Italy’s “war” with international debt markets has sent borrowing costs soaring for its traditionally prudently managed private companies, stifling their efforts to invest in competing more strongly with rivals in Germany and beyond.
Just as Italian Prime Minister Mario Monti tries to fix the problems that have hindered Italy’s private sector for decades, notably its legendary official red tape, companies are paying significantly more to borrow than competitors to the north.
The European Central Bank (ECB) has slashed its interest rates and showered banks with cheap cash in the hope they will lend to companies and consumers in the struggling southern nations such as Italy, which have been worst hit by the eurozone crisis.
Yet at the same time, a jump in Italy’s borrowing costs on the sovereign bond market has dragged up interest rates on bank loans to Italian industry.
“We used to be able to borrow at 2.5 percent to 3 percent. But since this war of the sovereign bond spreads began, things have changed dramatically,” Marly’s chairman Paolo Bastianello said. “The cost of credit has certainly risen by a couple of percentage points.”
Marly’s is the kind of Italian manufacturer that typically competes strongly on international markets, making high-end women’s clothes under its own label and for top fashion brands such as Carlo Pignatelli and Kathleen Madden.
A company with annual sales of 16.5 million euros (US$20.5 million), Marly’s is based near the historic city of Vicenza in Veneto, a region thick with small and medium-sized companies (SMEs) which have long exported goods and components to the huge German market across the Alps.
Even though the ECB’s benchmark rate has fallen to a record low of 0.75 percent, the cost of corporate credit in Italy now reflects more the general risk associated with the state and the cost of sustaining its mammoth 2 trillion euro debt.
Italy’s conservative companies, which have avoided taking on the huge debt burdens typical in the Anglo-Saxon world and fellow eurozone struggler Spain, are paying the price for a state debt equal to 120 percent of annual economic output.
At 81 percent of GDP, total net indebtedness of Italian non-financial the UK, France and Spain, although slightly higher than in Germany, according to Bank of Italy data.
However, Italian firms rely on banks for 70 percent of their financial debt, a higher share than the European average. This makes them dependent on banks’ lending policies and vulnerable to domestic economic developments.
ECB data released on Wednesday showed that companies in Italy paid on average a 4.57 percent interest rate in June for short-term loans of up to 1 million euros.
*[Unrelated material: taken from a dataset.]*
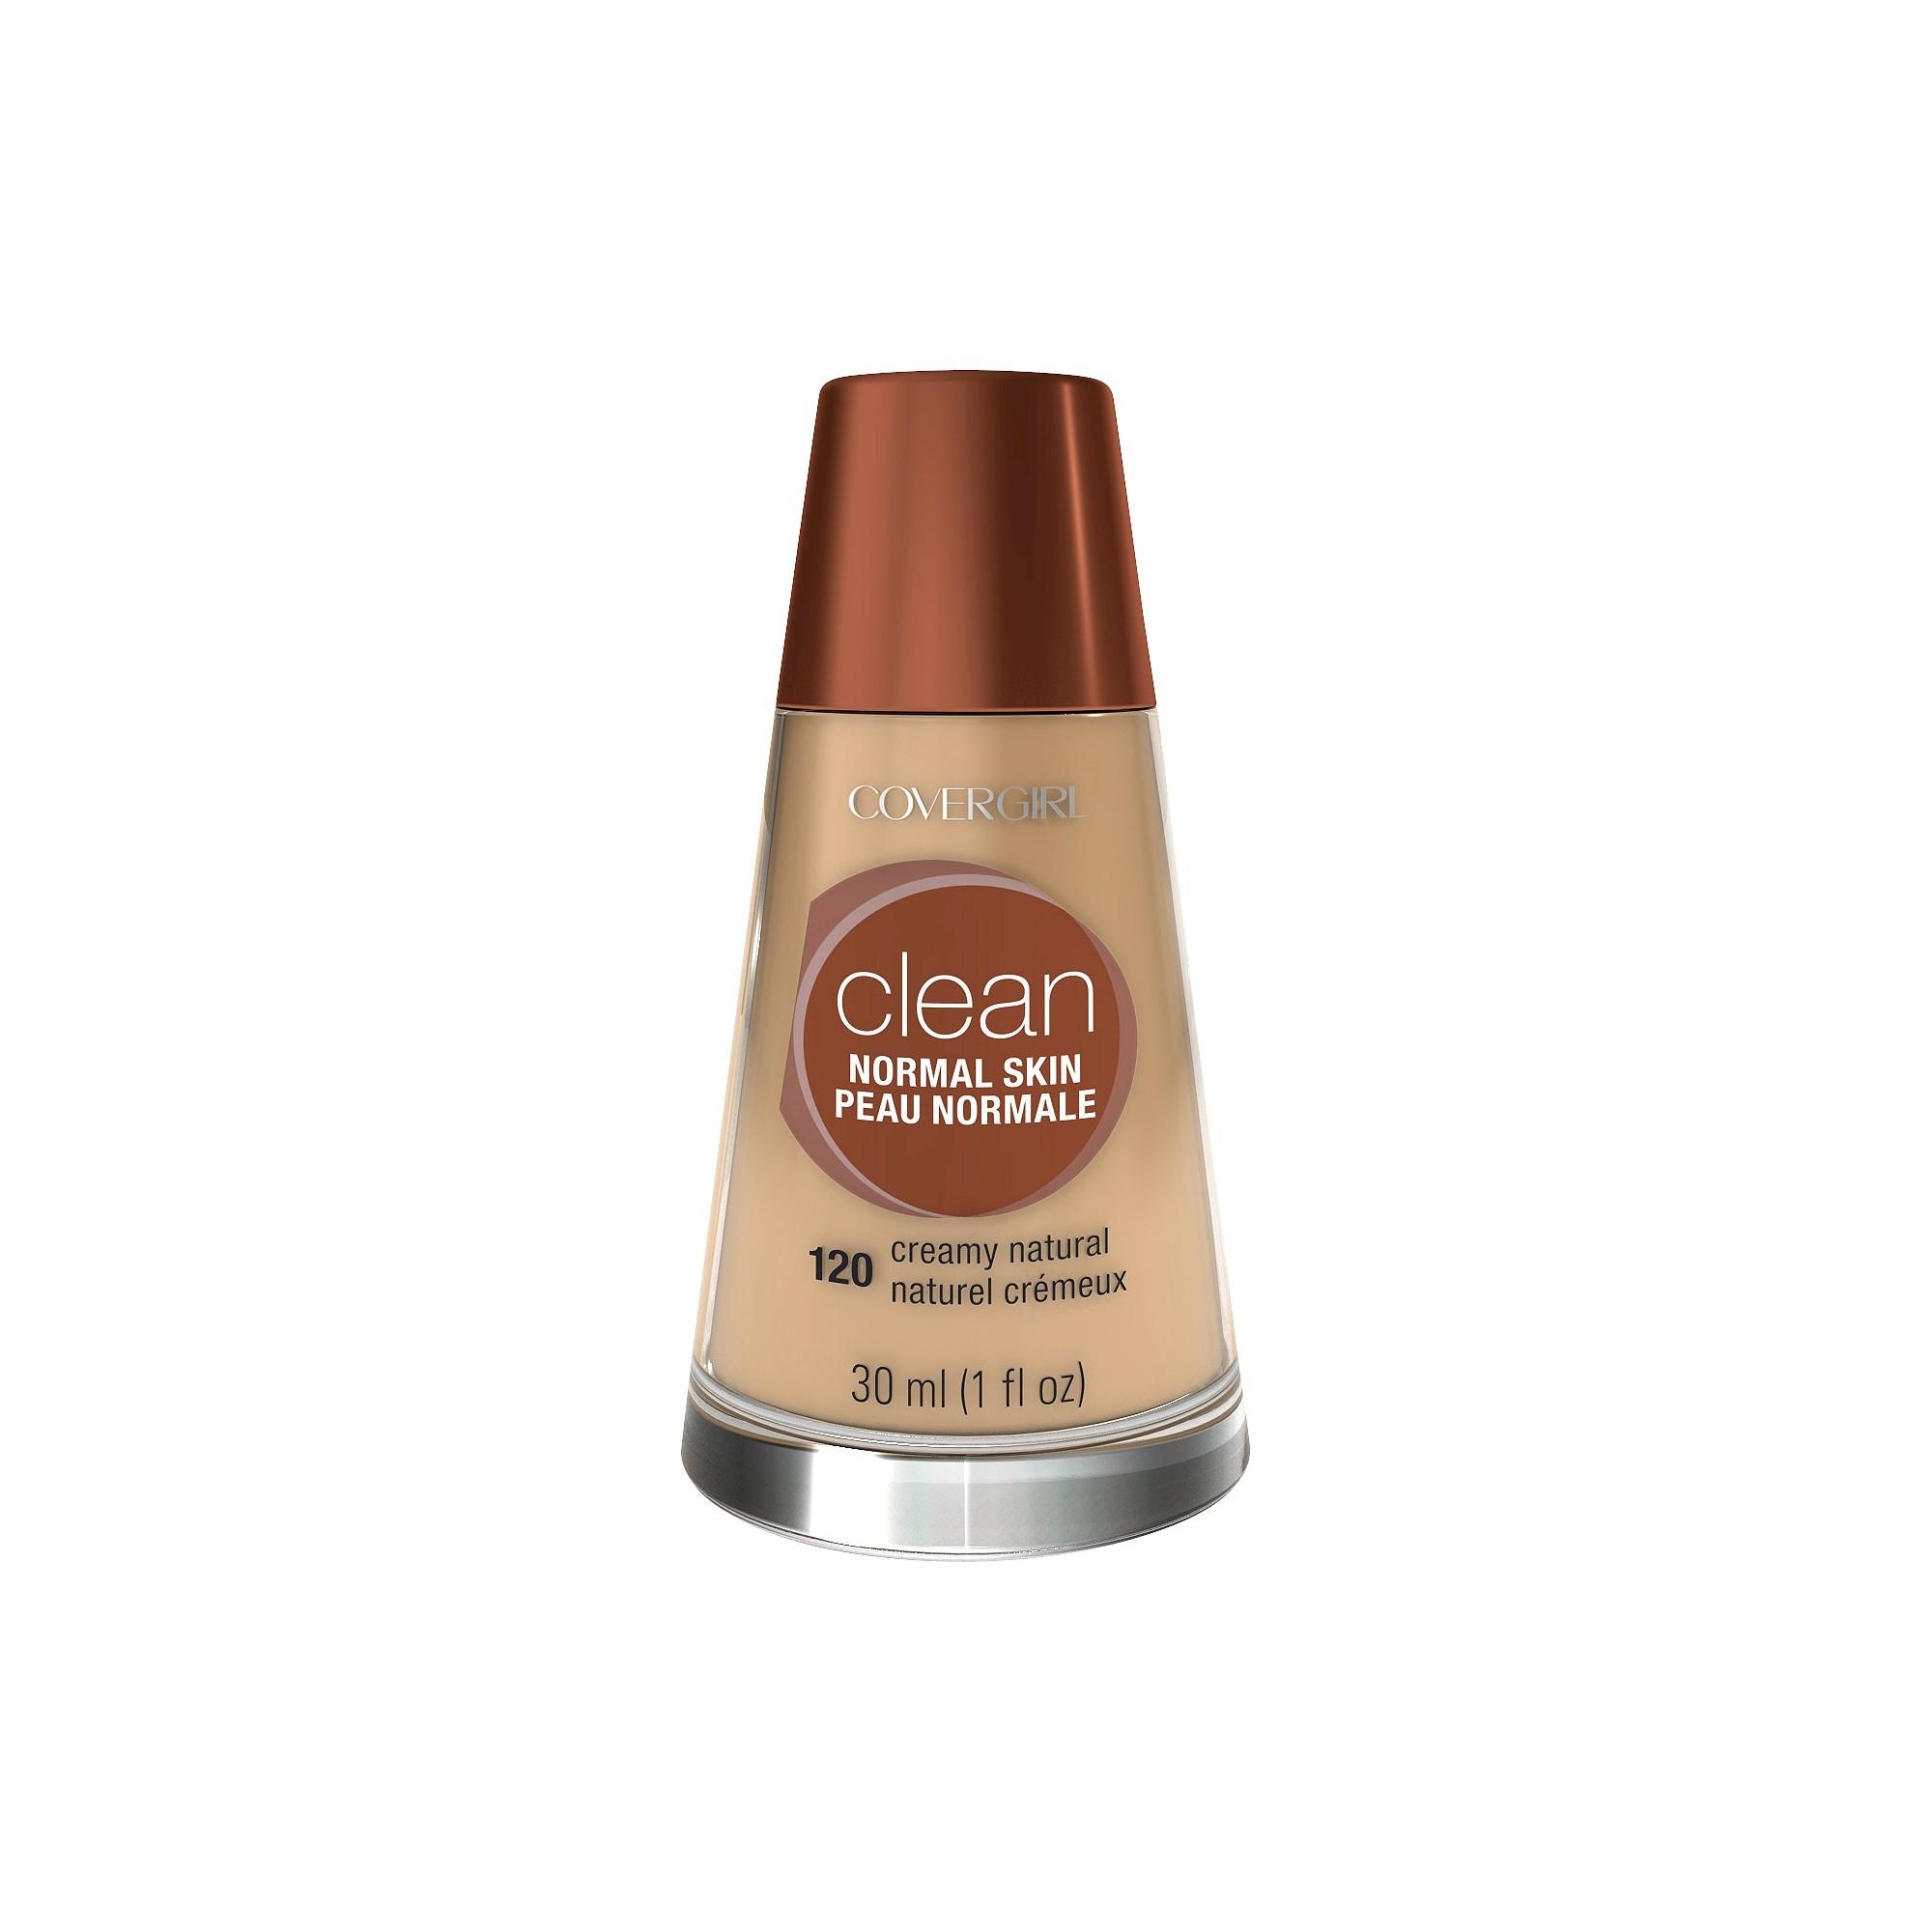 COVERGIRL Clean Foundation 120 Creamy Natural 1 fl oz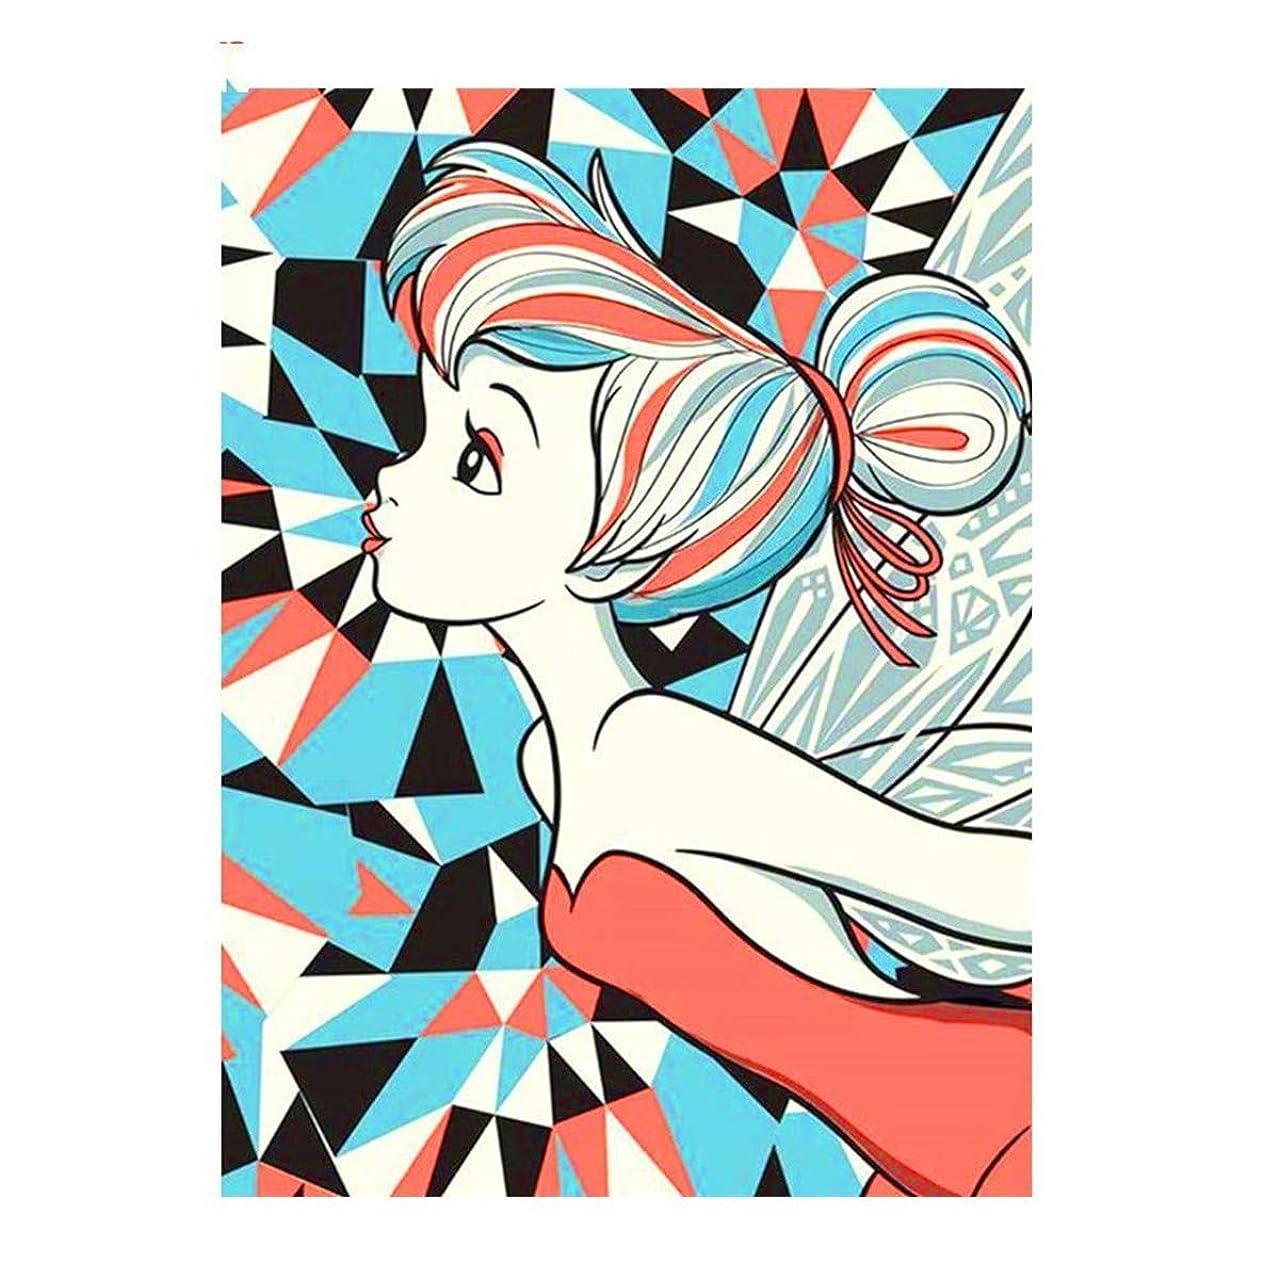 5D Diamond Painting Kits Full Drill Diamond Embroidery (Girl, 12x16)

This compares with just 3.37 percent paid by their German competitors and is half a percentage point higher than the eurozone average.
Yet 18 months ago, before being engulfed in the eurozone crisis, Italian companies could get small short-term loans at 3.22 percent, below the euro average and Germany, ECB data show.
Companies from the largest corporations to the smallest family businesses have now fallen foul of the rule that private borrowers must be a greater credit risk than the governments of the country where they are based.
Italian firms, like many around Europe, have long found it hard to match their German competitors’ high productivity. However, if they borrow now to fund productivity improvements, their disadvantage simply grows.